Supplemental figure 1. CIR, DFS and OS in pediatric and adult
patients at two year interim. (1) 2-year CIR: children 30.8%±6.4% vs.
adults 43.1%±6.1%, P=0.046 (A); (2) 2-year DFS: children 66.9%±6.1%
vs. adults 55.3%±5.5%, P=0.014 (B); (3) 2-year OS: children
77.0%±5.7% vs. adults 56.5%±5.5%, P=0.005 (C).
Supplemental figure 2. The effect of consolidation regimens on
CIR, DFS and OS. (1) CIR: MDAC-based 13.6%±4.0% vs. SDAC-based
47.2%±6.5%, P<0.001 (A); (2) DFS: MDAC-based 85.3%±4.1%
vs. SDAC-based 49.6%±6.5%, P<0.001 (B); (3) OS: MDAC-based
90.6%±3.4% vs. SDAC-based 53.6%±6.5%, P<0.001 (C).
Figure 2. The effect of EML on CIR, DFS and OS. (1) CIR: Total,
with 49.9%±9.4% vs. without 22.6%±4.1%, P=0.000 (A1); Adults, with
54.6%±10.8% vs. without 26.0%±6.1%, P=0.002 (A2); Children, with
38.3%±18.0% vs. without 19.3%±5.5%, P=0.082 (A3). (2) DFS: Total,
with 44.6%±8.7% vs. without 71.3%±4.3%, P=0.000 (B1); Adults, with
38.7%±9.7% vs. without 66.6%±6.2%, P=0.003 (B2); Children, with
61.7%±18.0% vs. without 76.2%±5.8%, P=0.205 (B3). (3) OS: Total,
with 45.9%±8.9% vs. without 76.6%±4.0%, P=0.000 (C1); Adults, with
38.7%±9.7% vs. without, 68.4%±6.1%, P=0.001 (C2); Children, with
68.6%±18.6% vs. without 85.0%±4.9%, P=0.579 (C3).

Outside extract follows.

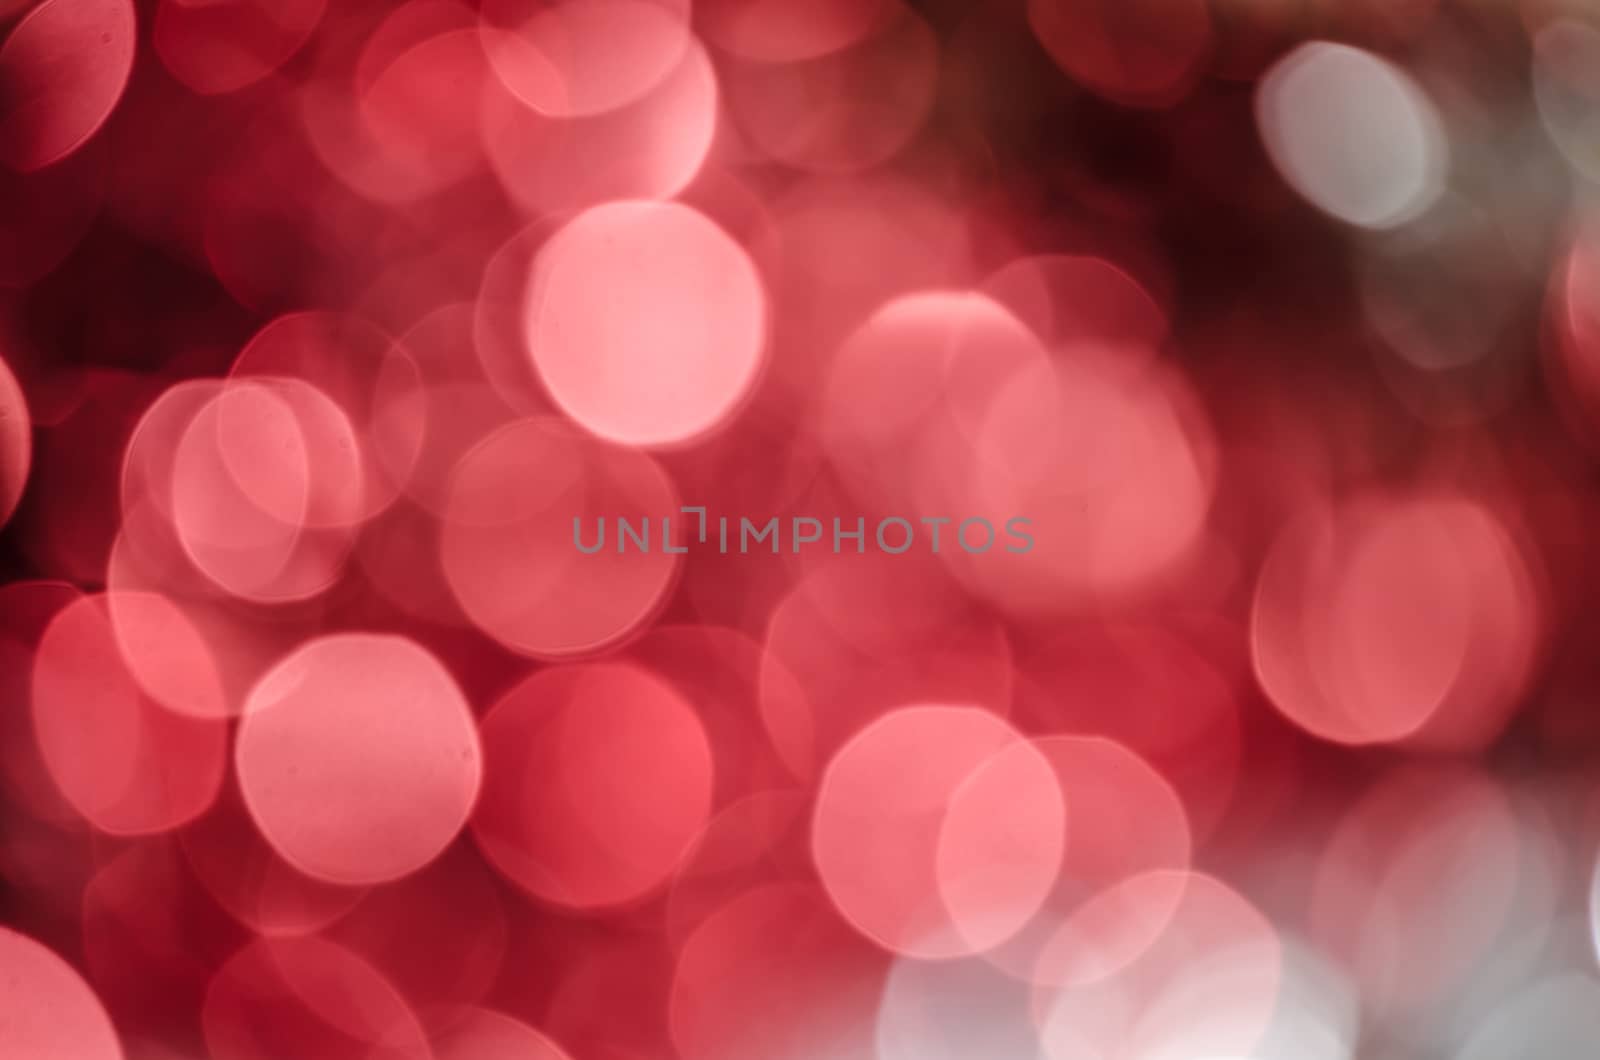 Red silver circle blur lights as christmas background.

Figure 3. The effect of c-KIT mutation on CIR, DFS and OS. (1)
CIR: Total, mutation 42.3%+8.9% vs. WT 23.5%+4.8%, P=0.009 (A1);
Adults, mutation 52.4%±10.2% vs. WT 22.8%±7.3%, P=0.005 (A2);
Children, mutation 20.0%±17.9% vs. WT 23.6%±6.3%, P=0.372 (A3). (2)
DFS: Total, mutation 52.1%+8.7% vs. WT 71.1%+5.0%, P=0.014 (B1);
Adults, mutation 44.5%±9.7% vs. WT 68.5%±7.8%, P=0.015 (B2);
Children, mutation 68.6%±18.6% vs. WT 73.3%±6.4%, P=0.602 (B3). (3)
OS: Total, 55.6%+8.5% vs. WT 76.4%+4.7%, P=0.008 (C1); Adults,
mutation 44.5%±9.7% vs. WT 68.5%±7.8%, P=0.021 (C2); Children,
mutation 85.7%±13.2% vs. WT 82.5%±5.7%, P=0.537 (C3).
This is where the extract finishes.